MURDERER Nicola Edgington – who knifed two people in Bexleyheath - had a history of mental illness dating back to the killing of her mother in 2005.

The 32-year-old was today found guilty of murdering grandmother Sally Hodkin, 58, with a meat cleaver and attempting to murder then 22-year-old Kerry Clark in Bexleyheath town centre on October 10, 2011.

Edgington, of Flavell Mews, Greenwich, was detained indefinitely under the Mental Health Act after stabbing her mother nine times in her family home in Forest Row, East Sussex, in 2005.

But she was released in 2009 to live in the community while being monitored by a doctor, nurse and social worker.

In late 2011, she suffered paranoia, visions of “religious grandiosity” and visited a nonmainstream church in Peckham where she claimed to see demons, the Old Bailey heard.

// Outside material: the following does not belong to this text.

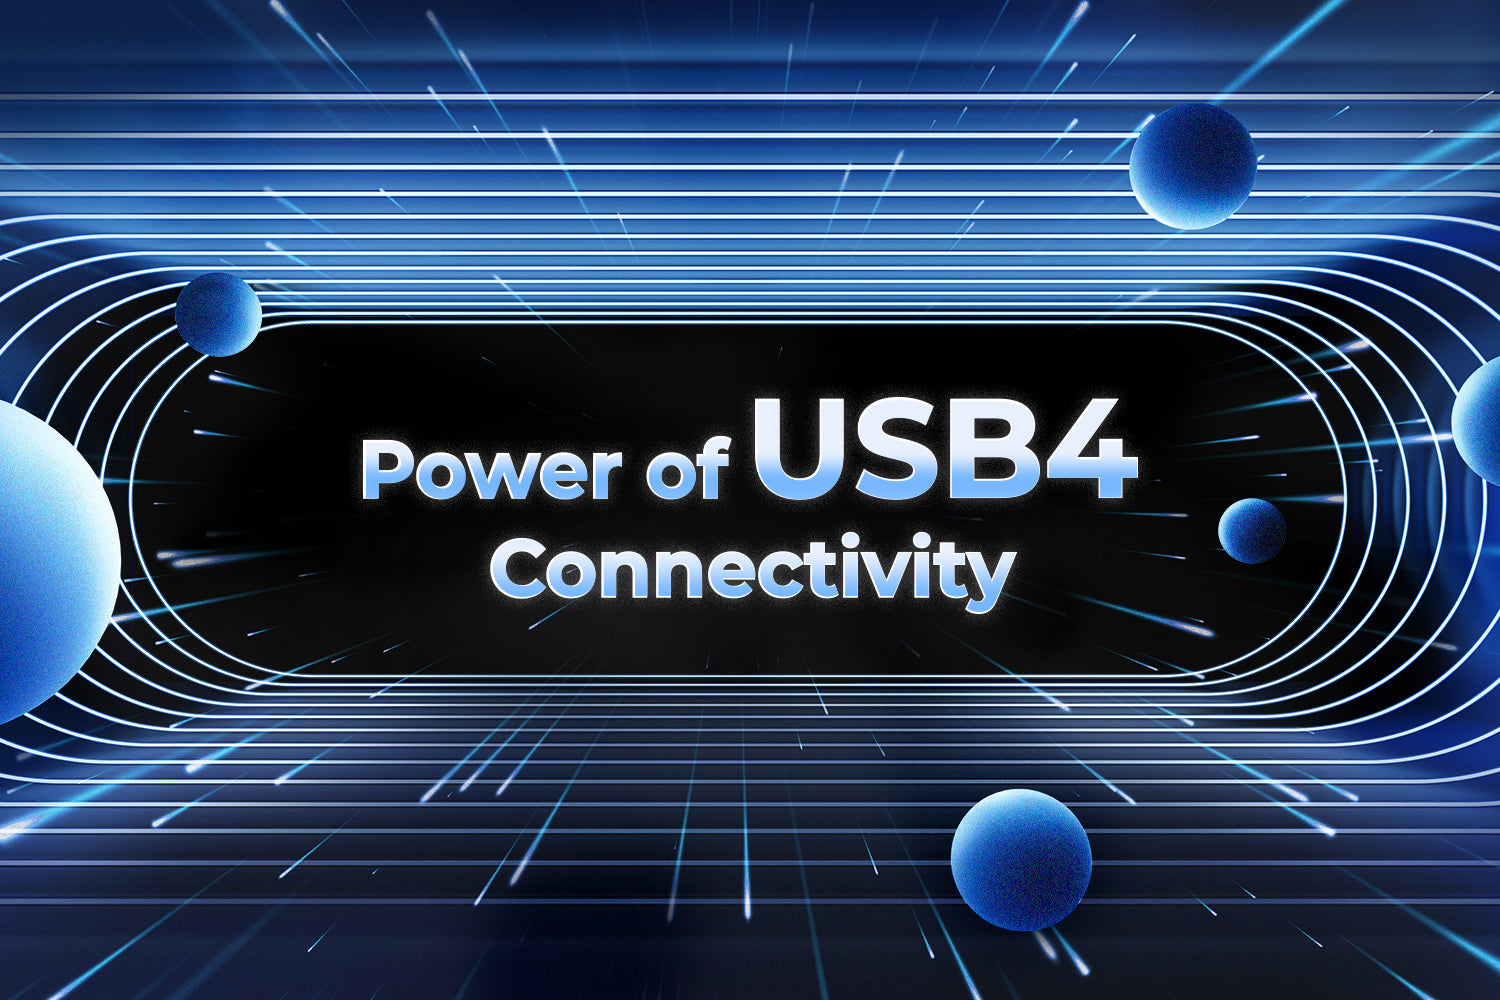 Feel the Revolutionary USB4 - the Power of Connectivity

Edgington claimed the church – which has links to the Pentecostal Universal Church of the Kingdom of God and rumours of exorcisms – taught her of a 100-eyed monster that guarded the throne of God and took the form of the police on earth.

Prosecutor Mark Heywood QC told the jury: “She had been in a non mainstream church and thought the police where the embodiment of a monster that sat beneath the throne of God.

“She saw old people in the church and believed there were demons everywhere.”

Speaking in court, consultant forensic psychiatrist Dr Adrian Cree said Edgington – who had last visited the church in the year of her mother’s death – went in seeking answers but had a negative experience days before the attack.

He said: “She goes in there seeking answers. Instead of it being a positive experience, one of delusional experiences.

“The religious framework was her way of explaining everything.”

Dr Cree said Edgington told him of visions of a nuclear holocaust where she had been left behind by God.

He said: “She said, ‘I thought Jesus had come back for the souls and I had been left behind. “I felt I was back in 2005 on the bus with madness. I didn’t understand because I love God.’”

Edgington’s defence team argued she was mentally ill with paranoid schizophrenia and that her responsibility was diminished.

The prosecution said she was suffering from a borderline personality disorder and her actions were deliberate.